Building stronger, more defined triceps is a key component of any effective upper body workout. Here are some of the best tricep exercises, along with tips on how to perform them and variations to keep your workouts engaging and challenging.
1. Overhead Tricep Extension
The overhead tricep extension is highly effective for targeting the long head of the triceps. This exercise places the triceps in a lengthened state, utilizing a full range of motion which enhances tricep activation and growth[1].
- How to Perform: Hold a dumbbell, barbell, or cable overhead with your arms extended.
- Execution: Lower the weight behind your head by bending your elbows, then extend your arms back to the starting position.
- Variations: Use a rope extension with a narrower grip to emphasize both the long and lateral heads of the triceps.
2. Bench Tricep Dips
Tricep dips are a classic bodyweight exercise that primarily target the lateral tricep head but also engage the entire upper body.
- How to Perform: Sit on the edge of a bench with your hands gripping the edge and your feet flat on the floor or extended out for more difficulty.
- Execution: Lower your body until your upper arms are parallel to the floor, then push back up to the starting position.
- Variations: Elevate your feet or add weights across your lap to increase the difficulty. Turning your palms out on the bench can emphasize the medial tricep head[1][2].
3. Skull Crushers
Skull crushers are a powerful exercise for targeting the long head of the triceps. They allow for a large range of motion, similar to overhead extensions, which maximizes tricep contraction.
- How to Perform: Lie on a flat bench and hold an EZ bar or dumbbells over your chest.
- Execution: Lower the weight down towards your forehead by bending your elbows, then extend your arms back to the starting position.
- Variations: Use dumbbells in a hammer-like grip or switch to a barbell for different feels[1][2].
4. Tricep Pushdown
The tricep pushdown is an isolation exercise that effectively targets the lateral and medial heads of the triceps.
- How to Perform: Hold a cable attachment (such as a rope, straight bar, or V-bar) with your hands shoulder-width apart.
- Execution: Extend the cable downwards by straightening your arms, then return to the starting position.
- Variations: Use different cable attachments like a rope for a superior tricep activation and range of motion[1][2].
5. Diamond Press-Ups
Diamond press-ups, or close-grip push-ups, are an effective bodyweight exercise for targeting both the long and lateral heads of the triceps.
- How to Perform: Place your hands closer together than shoulder-width apart and perform a push-up, keeping your elbows tucked close to your body.
- Execution: Lower your body until your chest almost touches the ground, then push back up to the starting position.
- Variations: Elevate your feet on a bench or add a weight plate on your back for increased difficulty[1][2].
6. Dumbbell Tricep Extensions
Dumbbell tricep extensions can be performed in various ways and are versatile for targeting different tricep heads.
- Lying Tricep Extension: Lie flat on a bench or the floor with dumbbells locked out overhead. Lower the dumbbells towards your head by bending your elbows, then extend back up explosively[4].
- Laying Single Dumbbell Crush Extension: Hold a single dumbbell with both hands over your chest. Lower the dumbbell towards your chest by bending your elbows, then push back up to the starting position[4].
7. Tricep Dips Using Machines
Tricep dips can also be performed using machines, which allow for easy weight adjustments and various intensity techniques.
- How to Perform: Use a tricep dip machine and ensure you go through the full range of motion, fully extending and bending your elbows.
- Execution: Perform 3-4 sets of 6-10 reps, focusing on full triceps extension to maximize the effectiveness of the exercise[2].
Most Important Facts About the Best Tricep Exercises
- Target Different Heads: The triceps consist of three heads (long, lateral, and medial).

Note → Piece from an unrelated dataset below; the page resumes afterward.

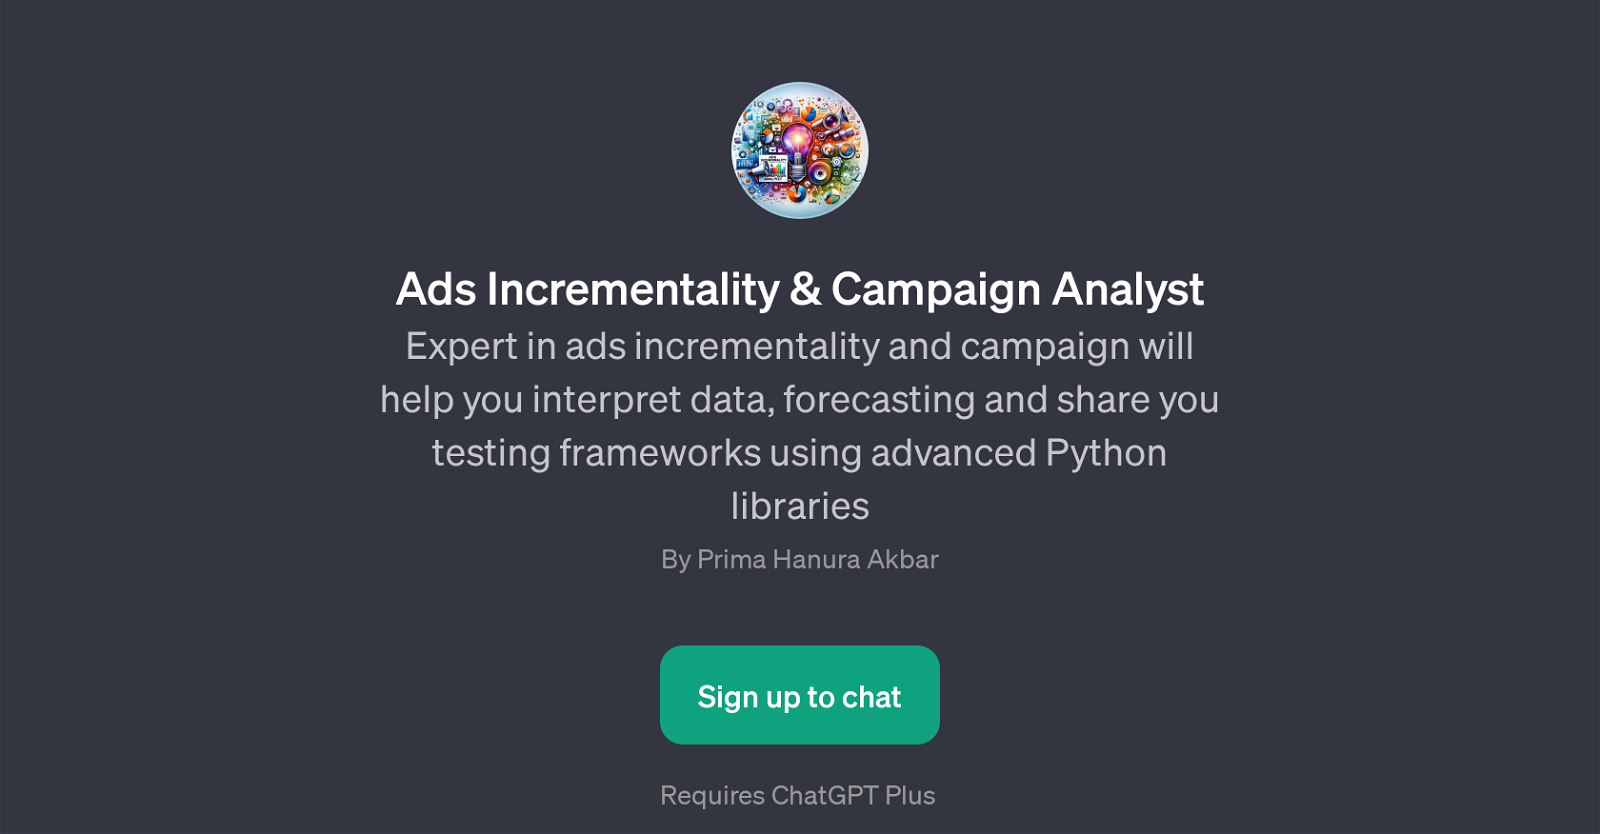 Ads Incrementality & Campaign Analyst website
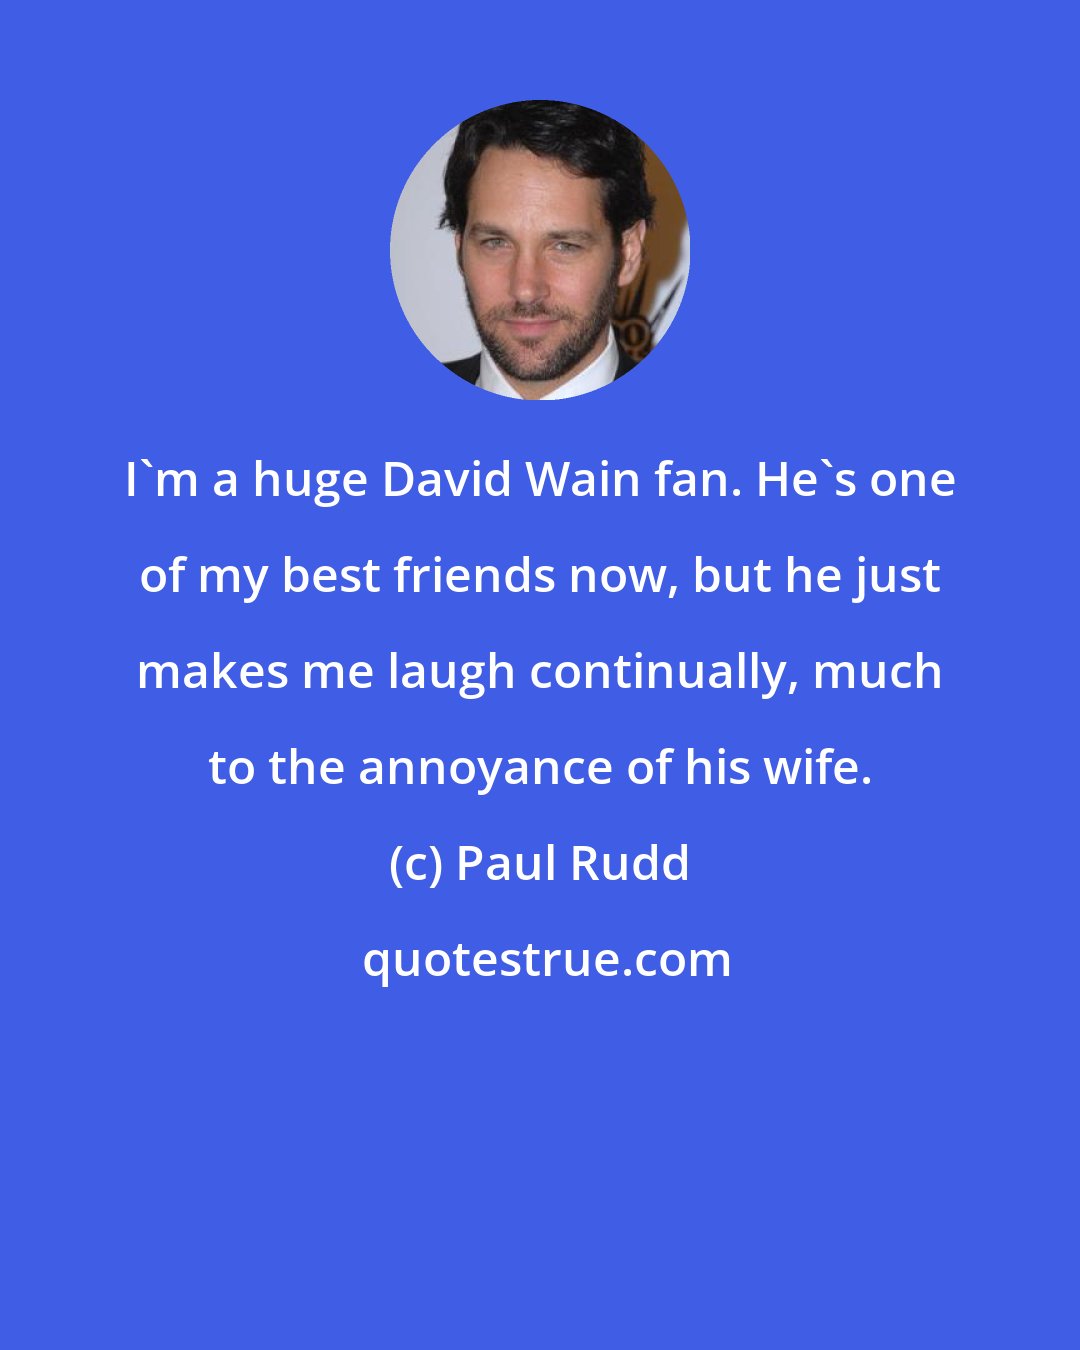 Paul Rudd: I'm a huge David Wain fan. He's one of my best friends now, but he just makes me laugh continually, much to the annoyance of his wife.

Exercises like the overhead tricep extension and skull crushers target the long head, while bench dips and tricep pushdowns target the lateral and medial heads[1][2].
- Range of Motion: Exercises that allow for a full range of motion, such as overhead extensions and skull crushers, are particularly effective for tricep activation and growth[1][2].
- Variations and Progression: Using different grip positions, cable attachments, and adding weights can vary the difficulty and target different muscle fibers. For example, using a rope attachment in tricep pushdowns can add a twist at the bottom of the movement, increasing tricep activation[1][2].
- Bodyweight vs. Weighted Exercises: Both bodyweight exercises like diamond press-ups and weighted exercises like skull crushers and tricep pushdowns are essential for a well-rounded tricep workout[1][2].
- Proper Form: Maintaining proper form is crucial to avoid injury and ensure the exercises are effective. Keep your upper arms close to your body during dips and extensions, and ensure full extension and bending of the elbows in all exercises[1][2].
By incorporating these exercises into your workout routine and focusing on proper form and variations, you can achieve stronger, more defined triceps.